Datasets:
annotations_creators: []
language:
- code
license: cc-by-4.0
multilinguality:
- multilingual
pretty_name: ComPile
size_categories:
- n>1T
source_datasets: []
task_categories:
- text-generation
task_ids: []
Dataset Card for ComPile: A Large IR Dataset from Production Sources
Table of Contents
Dataset Description
- Homepage: https://llvm-ml.github.io/ComPile/
- Paper: https://arxiv.org/abs/2309.15432
- Leaderboard: N/A
Changelog
Release | Programming Languages | Description |
---|---|---|
v1.0 | C/C++, Rust, Swift, Julia | Fine Tuning-scale dataset of 602GB of deduplicated LLVM (bitcode) IR |
Dataset Summary
ComPile contains over 2.7TB of permissively-licensed source code compiled to (textual) LLVM intermediate representation (IR) covering C/C++, Rust, Swift, and Julia. The dataset was created by hooking into LLVM code generation either through the language's package manager or the compiler directly to extract the dataset of intermediate representations from production grade programs using our dataset collection utility for the LLVM compilation infrastructure.
Dataset Size
The public release of ComPile contains over 2.7TB of textual LLVM-IR, which tokenizes into 1.3+T tokens using the Llama tokenizer.
Langauage | Bitcode Size | Textual IR Size | Llama Token Count | BPE Token Count (10k Vocab) | BPE Token Count (50k Vocab) |
---|---|---|---|---|---|
C | 2.47GB | 10.19GB | 5.31B | 0.91B | 0.58B |
C++ | 28.87GB | 102.76GB | 46.75B | 11.20B | 6.27B |
Julia | 164.16GB | 1088.39GB | 547.60B | 41.91B | 23.49B |
Rust | 399.94GB | 1523.84GB | 735.90B | 137.37B | 90.01B |
Swift | 6.95GB | 35.93GB | 19.78B | 3.36B | 1.75B |
Total | 602.39GB | 2761.11GB | 1355.34B | 194.75B | 122.10B |
ComPile is distributed as bitcode, which is a compressed format that can be easily converted to and from the textual representation of LLVM-IR. To collect token counts, we disassembled the bitcode to convert it into textual IR and then ran a tokenizer over it. We used the standard Llama tokenizer and then ran fastBPE using a custom vocabulary trained on a multi-GB sample of textual IR representativie of all languages in ComPile at two different two different vocab sizes, particularly 10k and 50k. LLVM-IR is quite formulaic, so using custom vocabulary significantly reduces the number of tokens generated.
Languages
The dataset contains 5 programming languages as of v1.0.
"c++", "c", "rust", "swift", "julia"
Dataset Usage
To use ComPile we recommend HuggingFace's datasets library. To e.g. load the dataset:
from datasets import load_dataset
ds = load_dataset('llvm-ml/ComPile', split='train')
By default this will download the entirety of the 550GB+ dataset, and cache it locally at the directory
specified by the environment variable HF_DATASETS_CACHE
, which defaults to ~/.cache/huggingface
. To
load the dataset in a streaming format, where the data is not saved locally:
ds = load_dataset('llvm-ml/ComPile', split='train', streaming=True)
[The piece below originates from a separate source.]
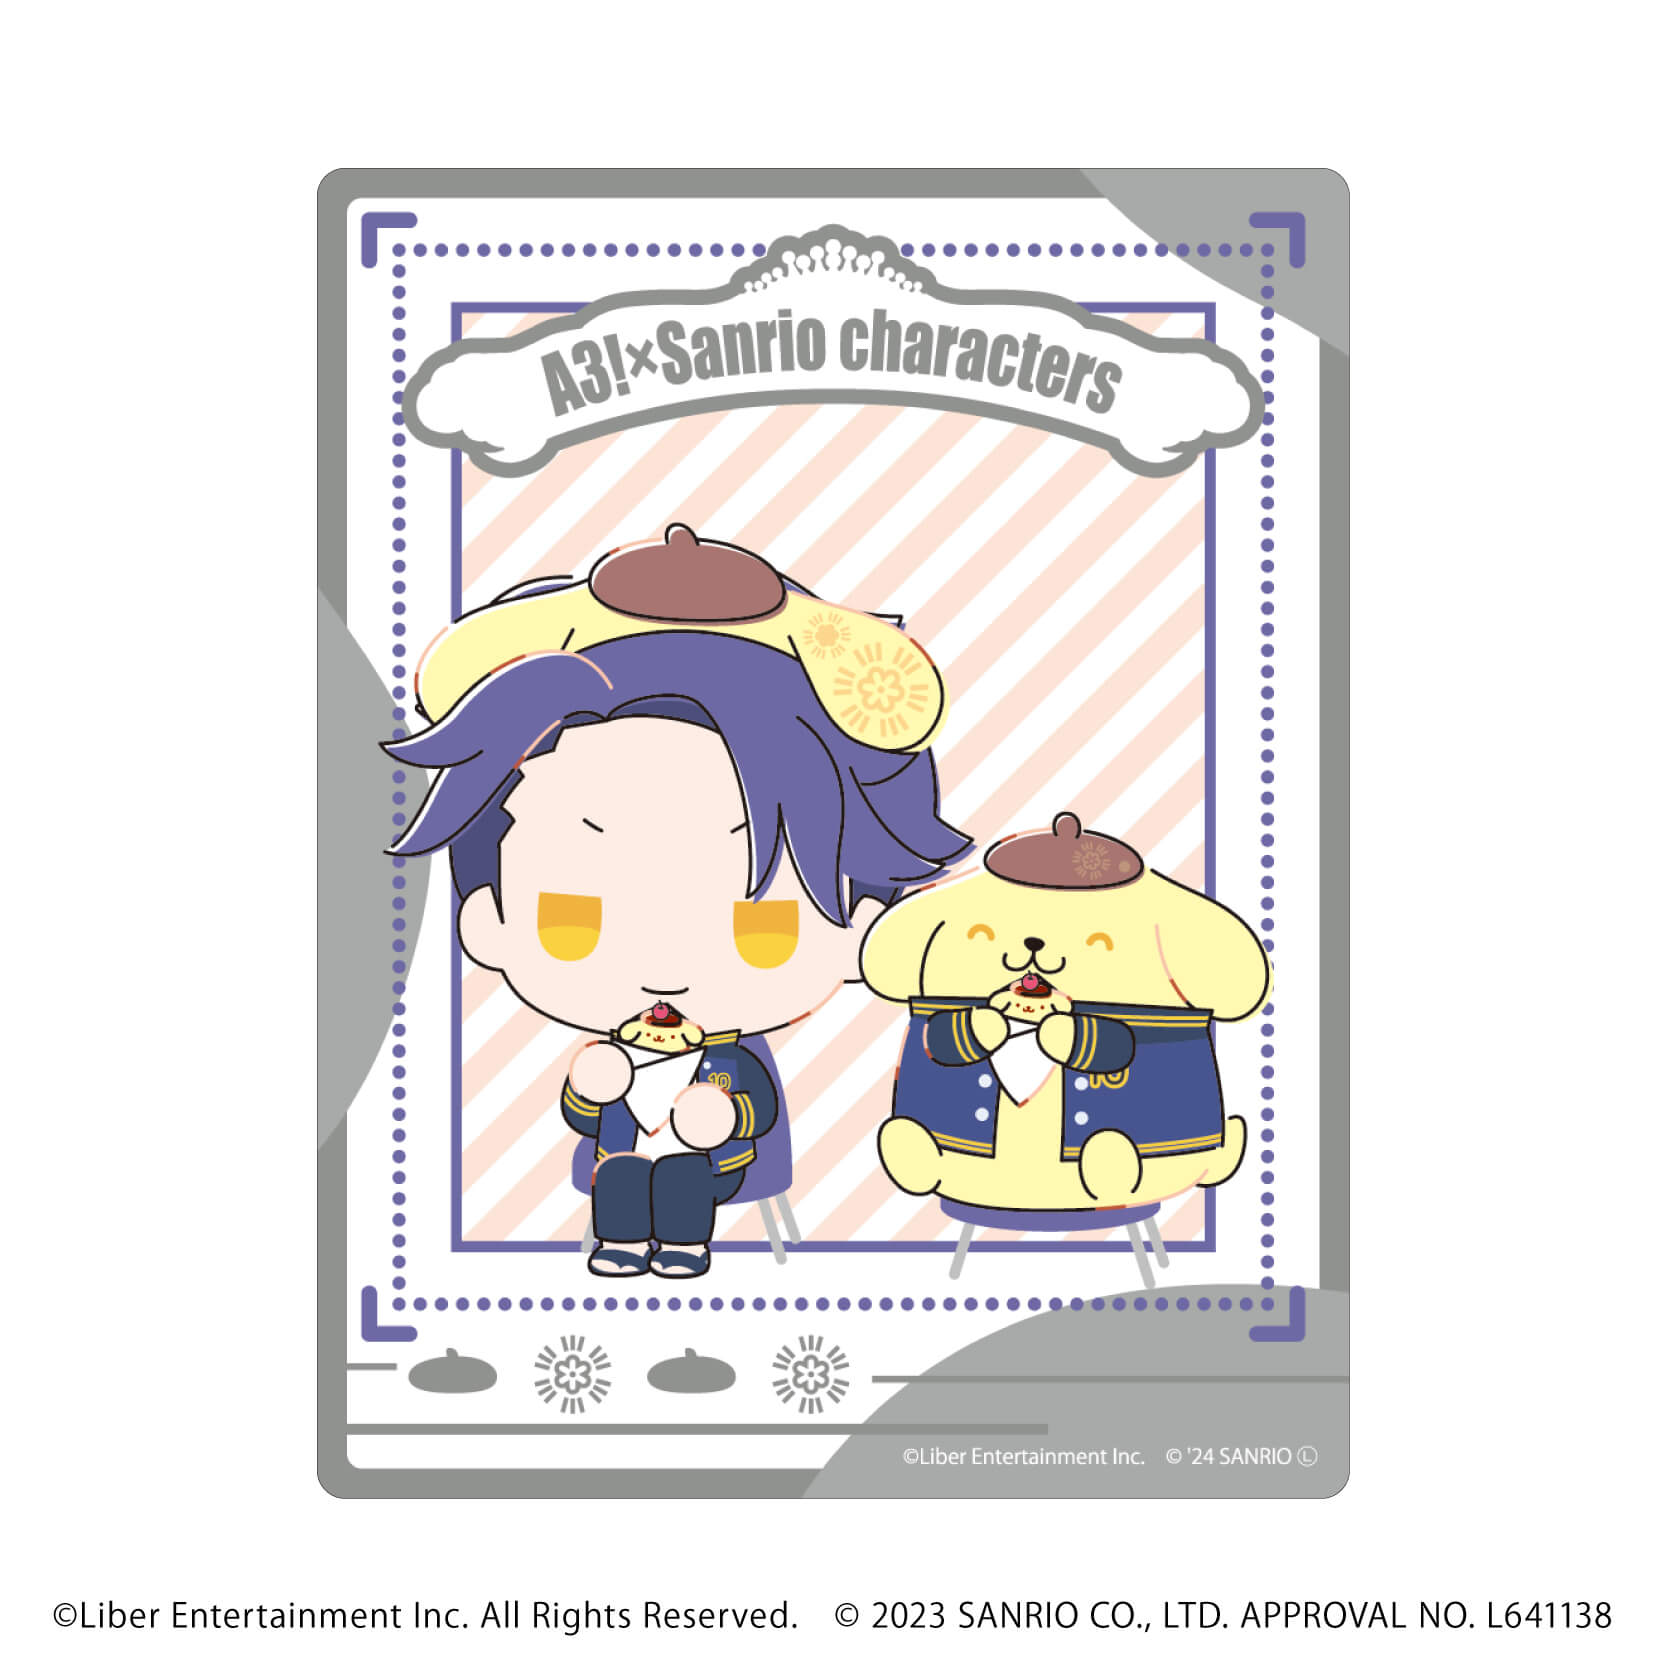 アクリルカード「A3!×Sanrio characters」10/A＆W コンプリートBOX(全12種)(ミニキャライラスト)

For further arguments of load_dataset
, please take a look at the
loading a dataset
documentation, and
the streaming
documentation. Bear in mind that
this is significantly slower than loading the dataset from a local storage. For experimentation that
requires more performance but might not require the whole dataset, you can also specify a portion
of the dataset to download. For example, the following code will only download the first 10%
of the dataset:
ds = load_dataset('llvm-ml/ComPile', split='train[:10%]')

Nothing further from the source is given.